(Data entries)
──────────────────────────────
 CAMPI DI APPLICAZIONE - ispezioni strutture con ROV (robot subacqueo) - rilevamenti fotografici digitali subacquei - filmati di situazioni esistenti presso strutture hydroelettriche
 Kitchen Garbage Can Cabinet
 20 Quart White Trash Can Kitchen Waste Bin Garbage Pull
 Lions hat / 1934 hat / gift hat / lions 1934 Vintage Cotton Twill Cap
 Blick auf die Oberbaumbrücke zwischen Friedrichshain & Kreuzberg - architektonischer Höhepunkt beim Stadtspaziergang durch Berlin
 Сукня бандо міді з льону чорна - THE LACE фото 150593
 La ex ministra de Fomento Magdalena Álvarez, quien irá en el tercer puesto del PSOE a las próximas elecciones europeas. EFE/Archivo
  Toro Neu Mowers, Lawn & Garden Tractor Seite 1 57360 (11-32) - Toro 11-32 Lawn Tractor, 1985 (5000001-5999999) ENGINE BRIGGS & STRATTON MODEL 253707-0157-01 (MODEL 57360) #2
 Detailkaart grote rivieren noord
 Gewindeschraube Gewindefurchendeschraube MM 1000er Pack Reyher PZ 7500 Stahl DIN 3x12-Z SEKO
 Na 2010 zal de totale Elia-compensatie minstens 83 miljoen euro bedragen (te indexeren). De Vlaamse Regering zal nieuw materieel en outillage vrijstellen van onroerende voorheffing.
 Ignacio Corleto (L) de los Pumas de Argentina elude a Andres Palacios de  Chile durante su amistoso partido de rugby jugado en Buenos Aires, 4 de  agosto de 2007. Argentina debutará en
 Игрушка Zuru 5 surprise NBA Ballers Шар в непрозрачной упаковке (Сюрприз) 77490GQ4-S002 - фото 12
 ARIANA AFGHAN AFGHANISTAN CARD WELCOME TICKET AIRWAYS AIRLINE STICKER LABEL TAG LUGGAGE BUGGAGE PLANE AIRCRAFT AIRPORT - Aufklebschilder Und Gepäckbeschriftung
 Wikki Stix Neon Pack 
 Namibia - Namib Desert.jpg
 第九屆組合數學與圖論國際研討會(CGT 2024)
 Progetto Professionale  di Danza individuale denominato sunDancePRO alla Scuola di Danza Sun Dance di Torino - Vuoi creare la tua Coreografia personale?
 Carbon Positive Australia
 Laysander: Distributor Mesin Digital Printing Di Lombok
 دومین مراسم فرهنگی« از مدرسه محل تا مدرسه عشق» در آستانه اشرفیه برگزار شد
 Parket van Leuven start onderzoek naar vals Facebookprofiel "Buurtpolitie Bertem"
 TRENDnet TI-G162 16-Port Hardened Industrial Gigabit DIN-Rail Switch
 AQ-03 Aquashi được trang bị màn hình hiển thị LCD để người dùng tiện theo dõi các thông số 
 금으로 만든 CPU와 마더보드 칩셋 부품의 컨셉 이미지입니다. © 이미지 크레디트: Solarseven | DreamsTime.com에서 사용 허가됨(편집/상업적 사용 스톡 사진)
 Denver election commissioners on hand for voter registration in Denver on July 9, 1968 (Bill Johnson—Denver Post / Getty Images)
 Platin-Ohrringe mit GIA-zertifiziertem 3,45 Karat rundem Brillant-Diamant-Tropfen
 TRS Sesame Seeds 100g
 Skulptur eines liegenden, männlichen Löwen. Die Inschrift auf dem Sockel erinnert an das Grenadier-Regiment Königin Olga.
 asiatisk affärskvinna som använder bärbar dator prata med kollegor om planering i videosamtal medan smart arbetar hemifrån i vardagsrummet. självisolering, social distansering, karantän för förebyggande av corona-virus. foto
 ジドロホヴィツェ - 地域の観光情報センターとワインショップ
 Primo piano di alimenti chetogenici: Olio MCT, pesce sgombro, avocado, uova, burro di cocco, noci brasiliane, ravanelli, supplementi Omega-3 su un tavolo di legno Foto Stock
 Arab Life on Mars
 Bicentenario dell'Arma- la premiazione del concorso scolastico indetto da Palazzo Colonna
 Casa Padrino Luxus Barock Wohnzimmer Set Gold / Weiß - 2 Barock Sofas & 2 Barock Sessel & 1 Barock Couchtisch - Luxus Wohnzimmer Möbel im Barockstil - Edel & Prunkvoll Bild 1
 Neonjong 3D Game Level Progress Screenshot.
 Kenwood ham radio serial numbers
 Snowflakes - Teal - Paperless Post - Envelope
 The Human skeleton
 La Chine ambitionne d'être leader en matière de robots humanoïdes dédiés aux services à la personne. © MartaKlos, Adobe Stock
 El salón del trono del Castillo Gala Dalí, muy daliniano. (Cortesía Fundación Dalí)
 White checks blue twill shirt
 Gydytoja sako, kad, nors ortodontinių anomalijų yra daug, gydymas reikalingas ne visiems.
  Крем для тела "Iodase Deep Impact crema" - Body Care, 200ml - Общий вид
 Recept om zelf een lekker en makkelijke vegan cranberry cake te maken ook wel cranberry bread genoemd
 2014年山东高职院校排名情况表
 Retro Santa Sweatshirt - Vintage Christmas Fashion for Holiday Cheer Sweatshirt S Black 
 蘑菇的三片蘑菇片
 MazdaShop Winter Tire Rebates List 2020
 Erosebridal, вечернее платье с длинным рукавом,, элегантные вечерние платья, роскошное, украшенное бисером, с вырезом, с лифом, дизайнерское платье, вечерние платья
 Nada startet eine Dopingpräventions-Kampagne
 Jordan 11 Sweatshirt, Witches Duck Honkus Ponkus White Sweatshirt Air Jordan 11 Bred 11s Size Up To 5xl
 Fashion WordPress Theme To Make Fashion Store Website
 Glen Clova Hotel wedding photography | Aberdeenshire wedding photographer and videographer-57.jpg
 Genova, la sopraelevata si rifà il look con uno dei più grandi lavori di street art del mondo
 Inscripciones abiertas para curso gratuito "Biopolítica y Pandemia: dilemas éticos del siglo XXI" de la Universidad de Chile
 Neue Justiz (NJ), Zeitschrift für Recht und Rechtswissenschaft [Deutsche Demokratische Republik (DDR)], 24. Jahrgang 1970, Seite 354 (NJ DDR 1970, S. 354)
──────────────────────────────
Once you find the string "Pack" in a line of the records, copy that line.

 Gewindeschraube Gewindefurchendeschraube MM 1000er Pack Reyher PZ 7500 Stahl DIN 3x12-Z SEKO
 Wikki Stix Neon Pack 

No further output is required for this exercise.